Quotation For Today and Every Day

Oddly busy these days, and getting the house prepped for sale certainly doesn’t help, free time wise, so I’ll leave you all with this.

I’ve posted this story from John Taylor Gatto’s Underground History of American Education before, bit this is needed today more than ever. More actual education takes place in this one scene than in 16 years of standard schooling:

The greatest intellectual event of my life occurred early in third grade before I was yanked out of Xavier and deposited back in Monongahela. From time to time a Jesuit brother from St. Vincent’s College would cross the road to give a class at Xavier. The coming of a Jesuit to Xavier was always considered a big-time event even though there was constant tension between the Ursuline ladies and the Jesuit men. One lesson I received at the visiting brother’s hands2 altered my consciousness forever. By contemporary standards, the class might seem impossibly advanced in concept for third grade, but if you keep in mind the global war that claimed major attention at that moment, then the fact that Brother Michael came to discuss causes of WWI as a prelude to its continuation in WWII is not so far-fetched.3 After a brief lecture on each combatant and its cultural and historical characteristics, an outline of incitements to conflict was chalked on the board.

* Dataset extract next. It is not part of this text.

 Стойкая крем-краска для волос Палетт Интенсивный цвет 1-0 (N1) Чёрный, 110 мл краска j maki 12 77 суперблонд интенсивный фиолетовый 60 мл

“Who will volunteer to face the back of the room and tell us the causes of World War One?”

“I will, Brother Michael,” I said. And I did.

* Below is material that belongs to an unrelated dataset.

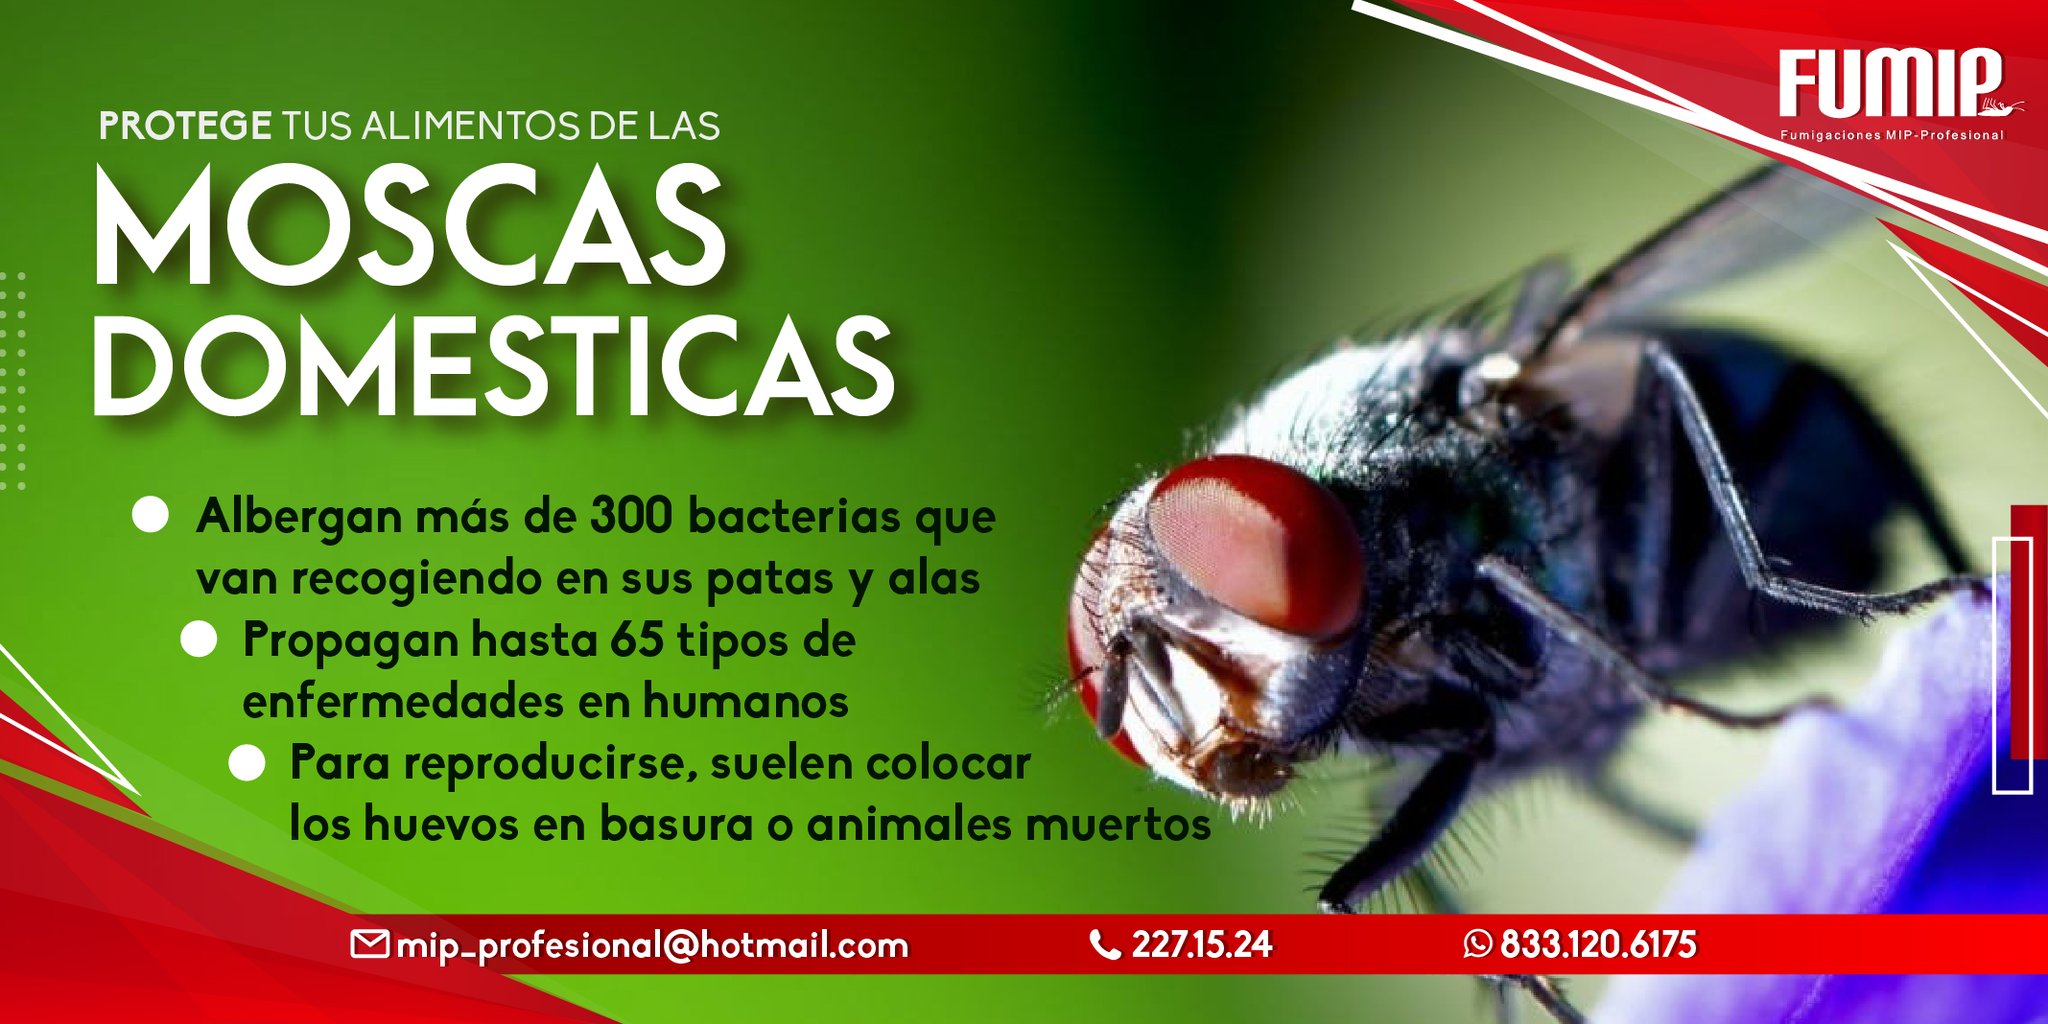 Fumigaciones MIP Profesional on Twitter: "➡️Las moscas transportan hasta más de 300 gérmenes que van recogiendo y propagando hasta 65 tipos de enfermedades. ✓Protege alimentos de las moscas! 🪰🪰🪰 ¡Comunícate con

“Why did you say what you did?”

“Because that’s what you wrote.”

“Do you accept my explanation as correct?”

“Yes, sir.” I expected a compliment would soon follow, as it did with our regular teacher.

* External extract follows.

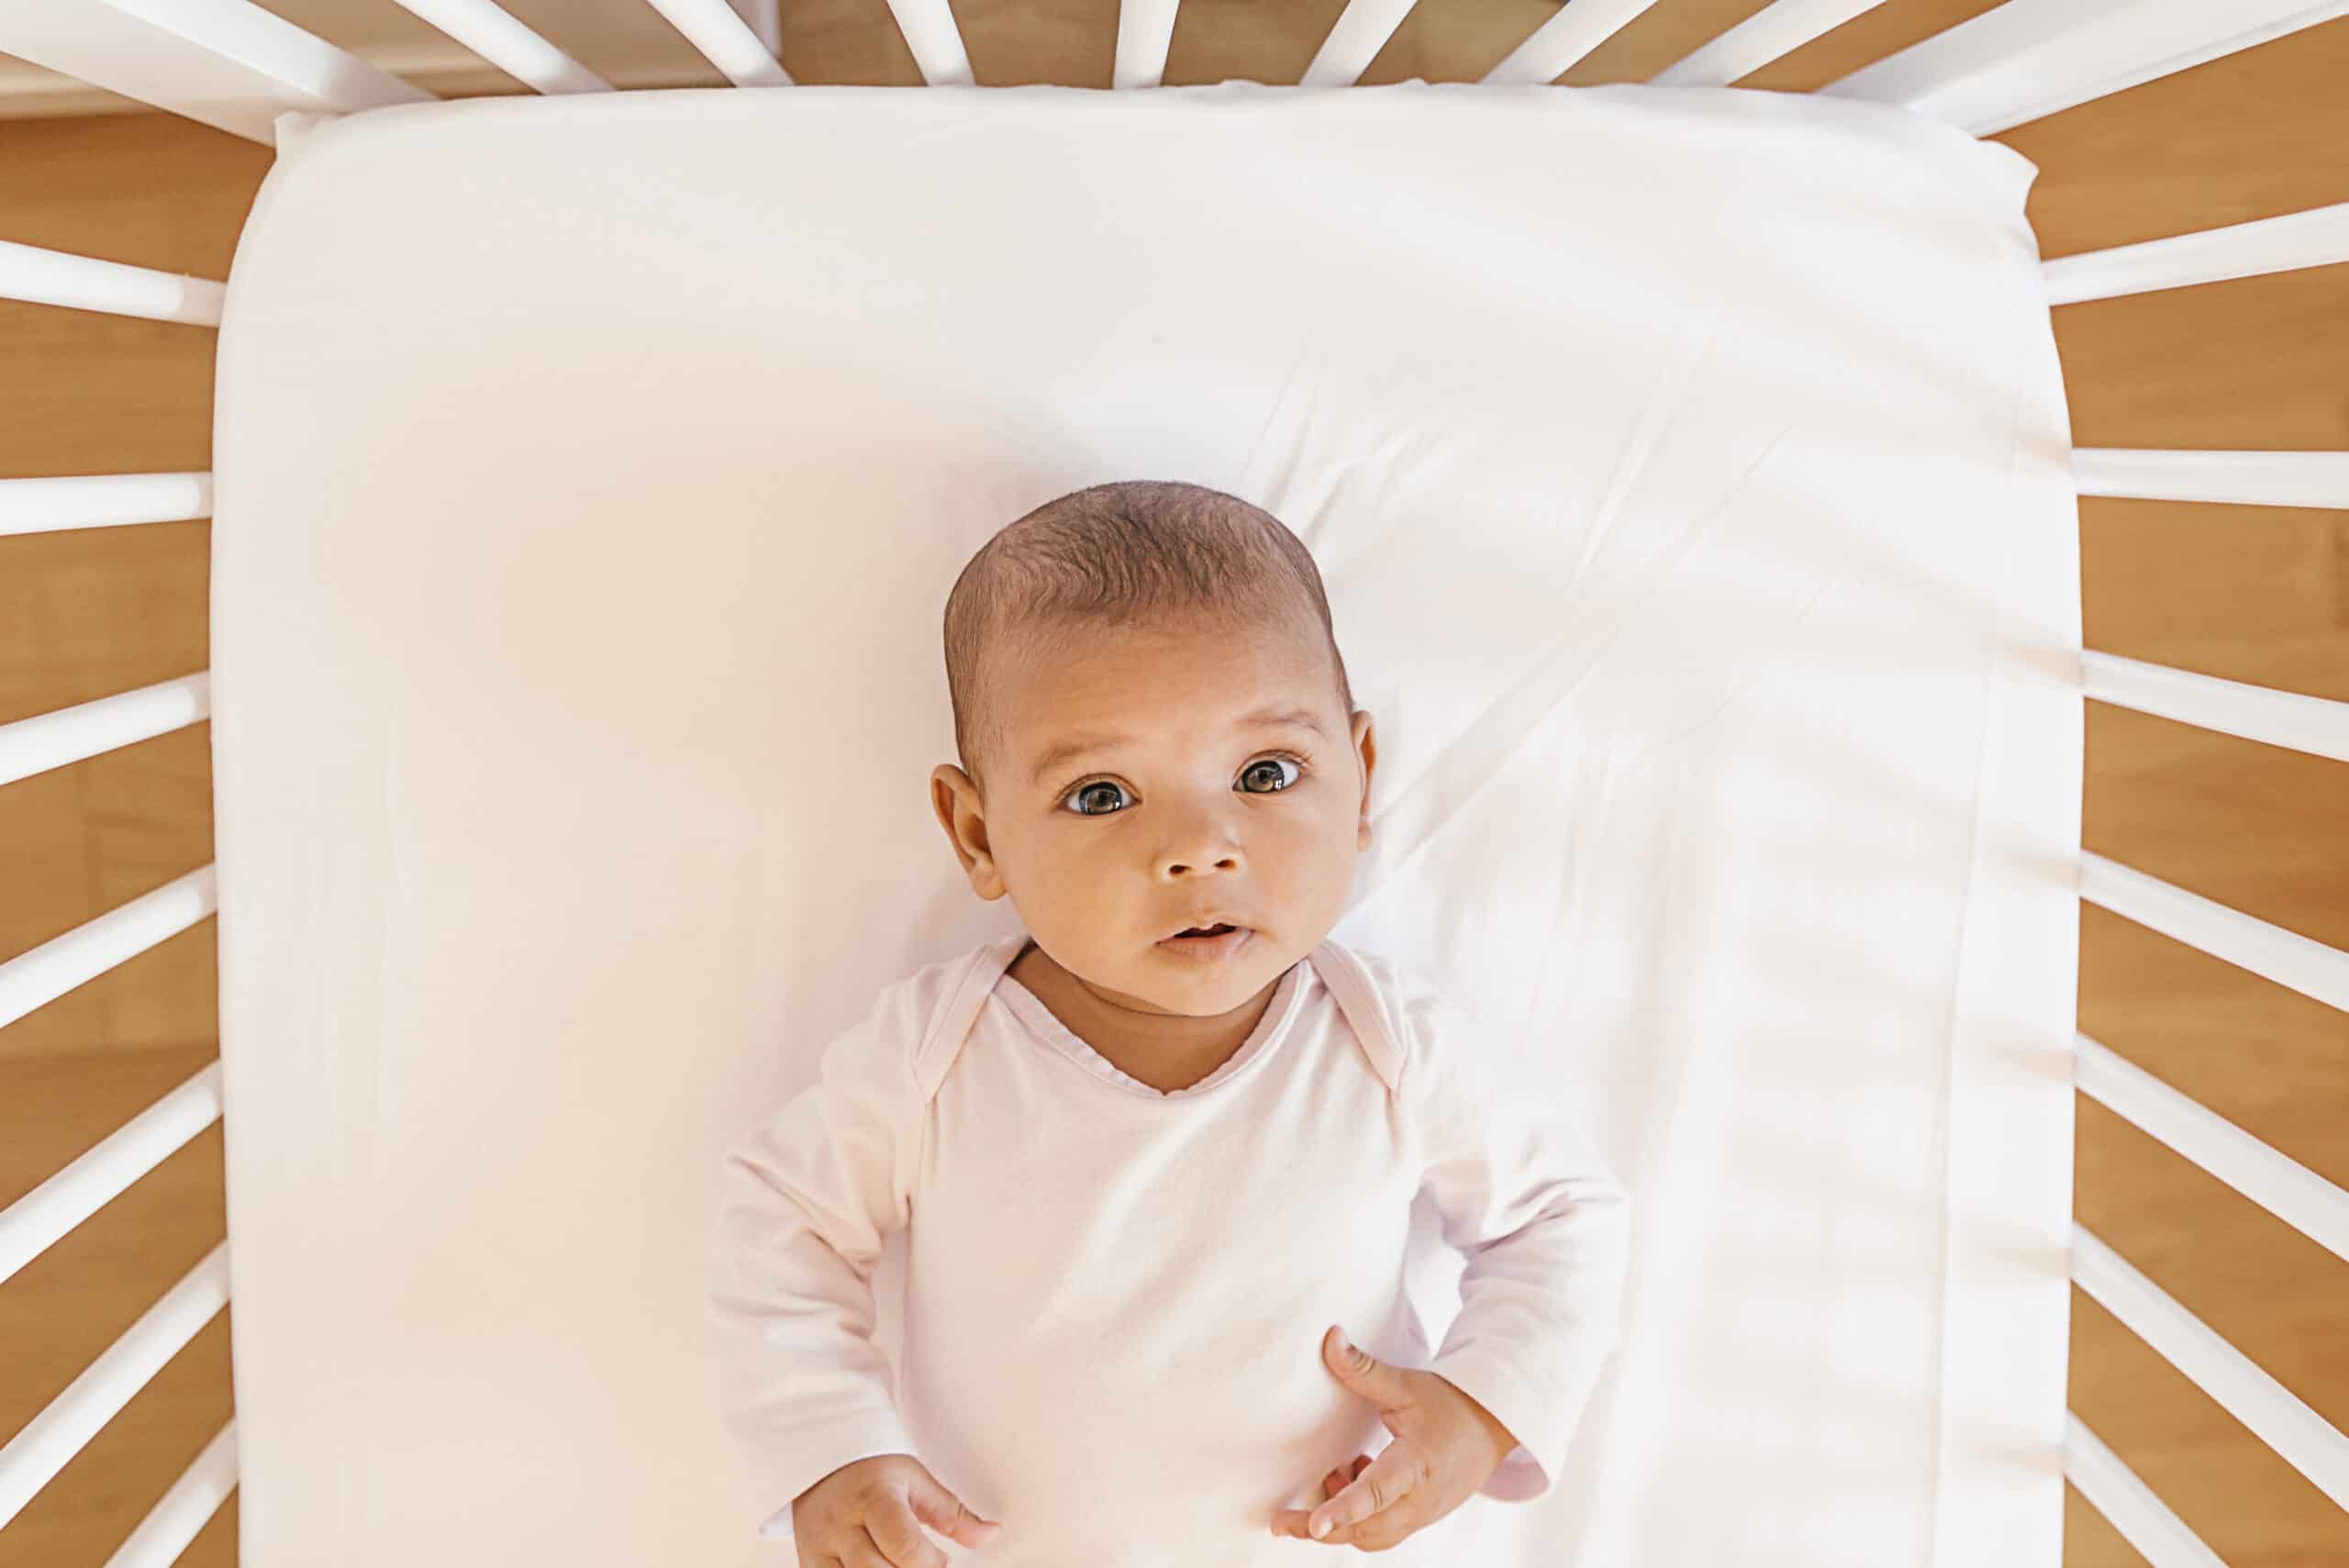 safe sleep: Sudden Infant Death Syndrome

“Then you must be a fool, Mr. Gatto. I lied to you. Those are not the causes at all.” It was like being flattened by a steamroller. I had the sensation of being struck and losing the power of speech. Nothing remotely similar had ever happened to me.

“Listen carefully, Mr. Gatto, and I shall show you the true causes of the war which men of bad character try to hide,” and so saying he rapidly erased the board and in swift fashion another list of reasons appeared. As each was written, a short, clear explanation followed in a scholarly tone of voice.

“Now do you see, Mr. Gatto, why you must be careful when you accept the explanation of another? Don’t these new reasons make much more sense?”

“Yes, sir.”

“And could you now face the back of the room and repeat what you just learned?”

“I could, sir.” And I knew I could because I had a strong memory, but he never gave me that chance.

“Why are you so gullible? Why do you believe my lies? Is it because I wear clothing you associate with men of God? I despair you are so easy to fool. What will happen to you if you let others do your thinking for you?”

You see, like a great magician he had shifted that commonplace school lesson we would have forgotten by the next morning into a formidable challenge to the entire contents of our private minds, raising the important question, Who can we believe? At the age of eight, while public school children were reading stories about talking animals, we had been escorted to the eggshell-thin foundation upon which authoritarian vanity rests and asked to inspect it.

There are many reasons to lie to children, the Jesuit said, and these seem to be good reasons to older men. Some truth you will know by divine intuition, he told us, but for the rest you must learn what tests to apply. Even then be cautious. It is not hard to fool human intelligence.

Then, we’re stuck with a world hell-bent on illustrating an observation by Mark Twain: It is much easier to fool somebody than to convince them they’ve been fooled.